■ Exercise aim
From the records below, extract only the lines running from the line with "Main Image - PUMA" to the line with "Little Man Element Pack 1", both lines included, reproducing them exactly.

(Available records begins)

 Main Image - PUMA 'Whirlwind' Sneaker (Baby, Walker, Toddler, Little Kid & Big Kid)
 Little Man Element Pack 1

(Available records ends)
(Available records begins)

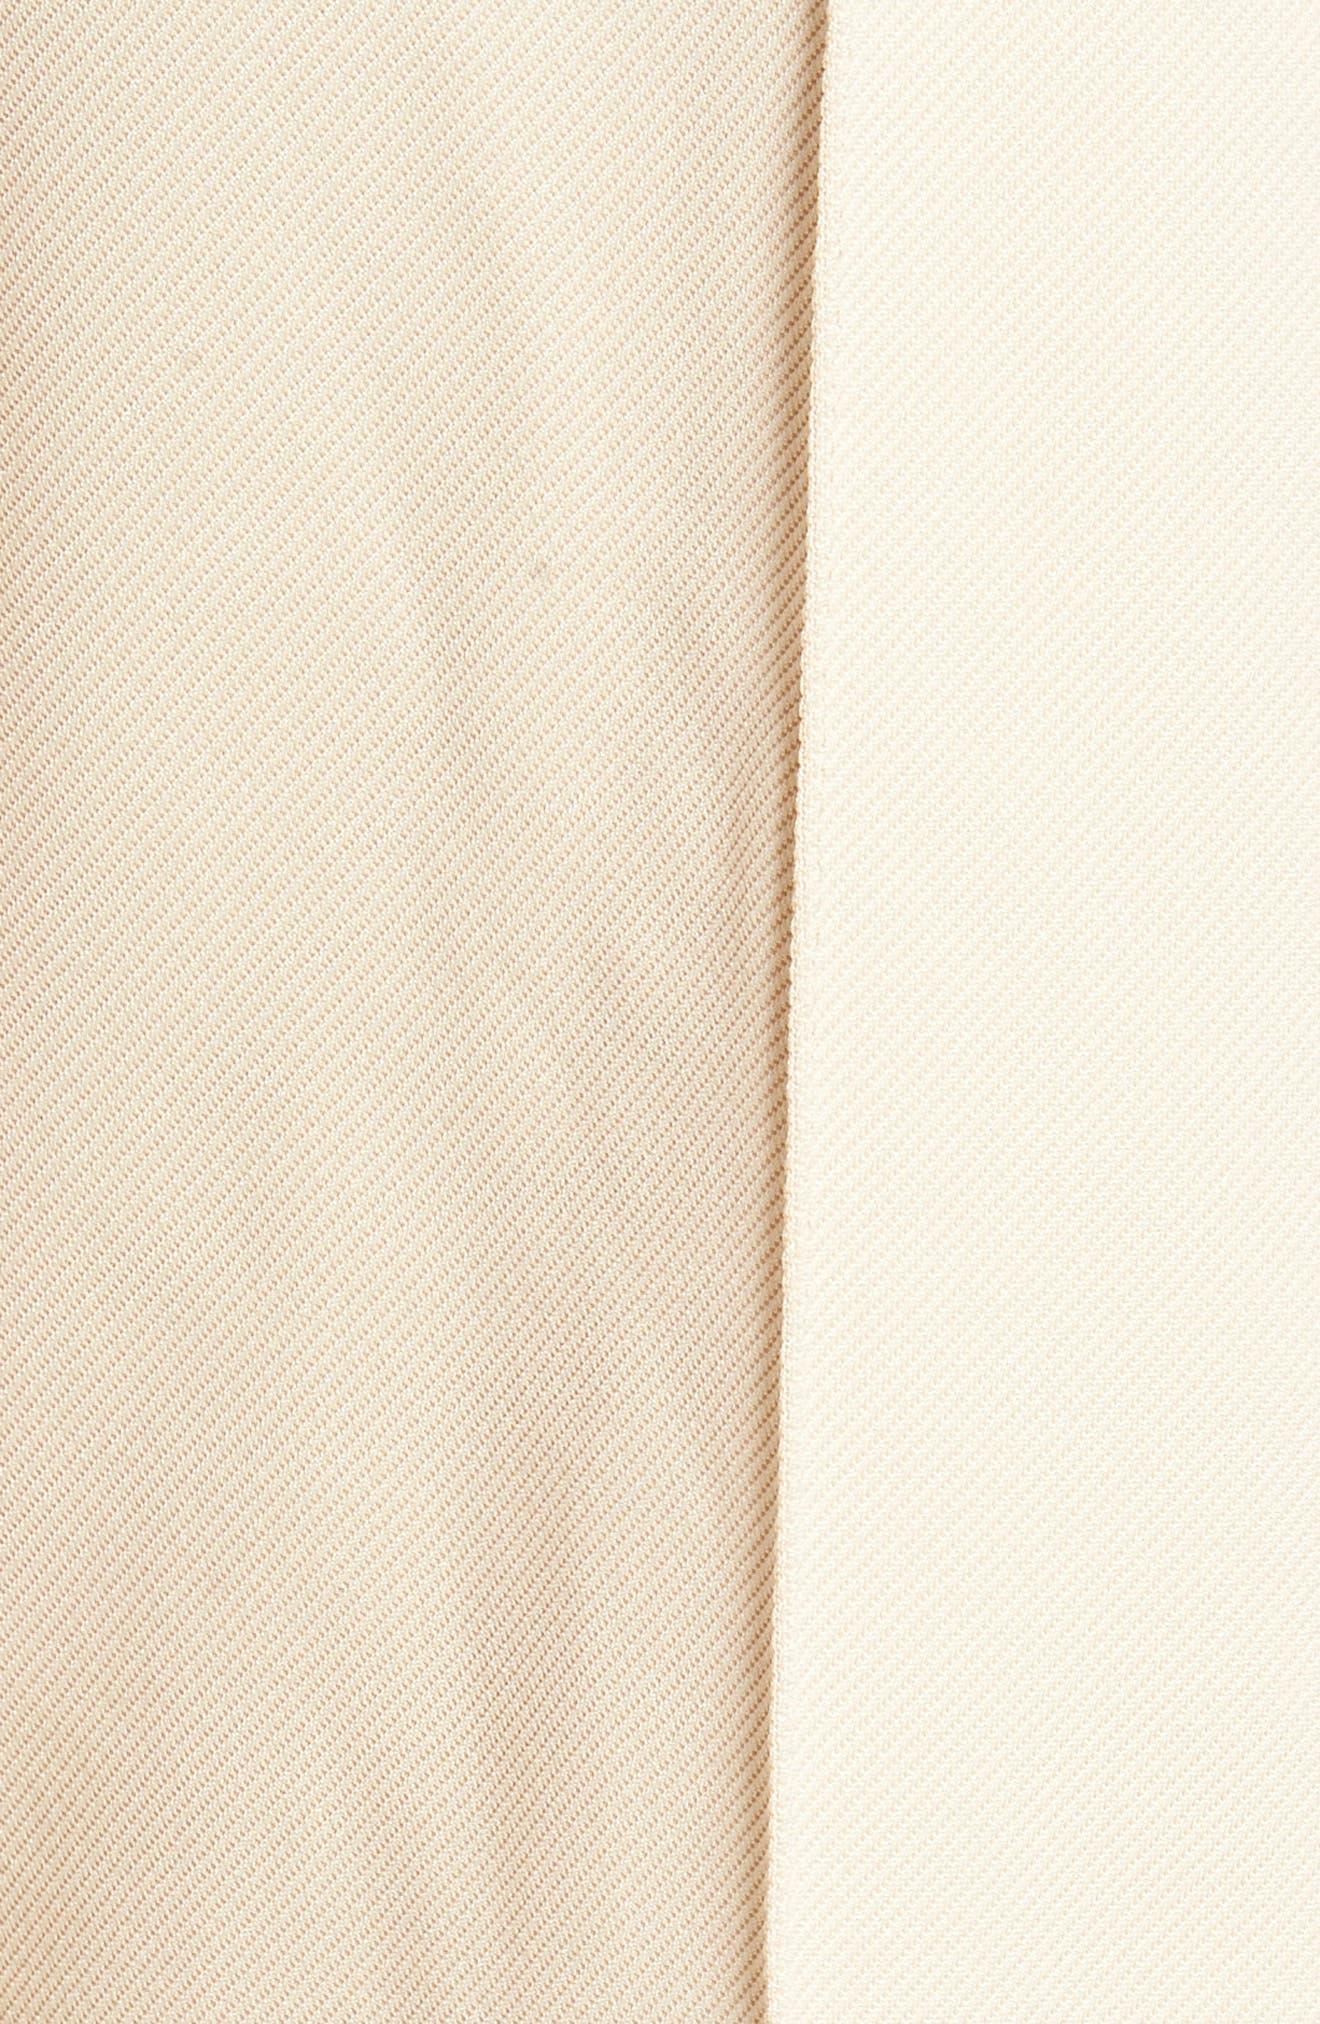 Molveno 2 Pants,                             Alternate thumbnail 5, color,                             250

(Available records ends)

■ Exercise response
 Main Image - PUMA 'Whirlwind' Sneaker (Baby, Walker, Toddler, Little Kid & Big Kid)
 Little Man Element Pack 1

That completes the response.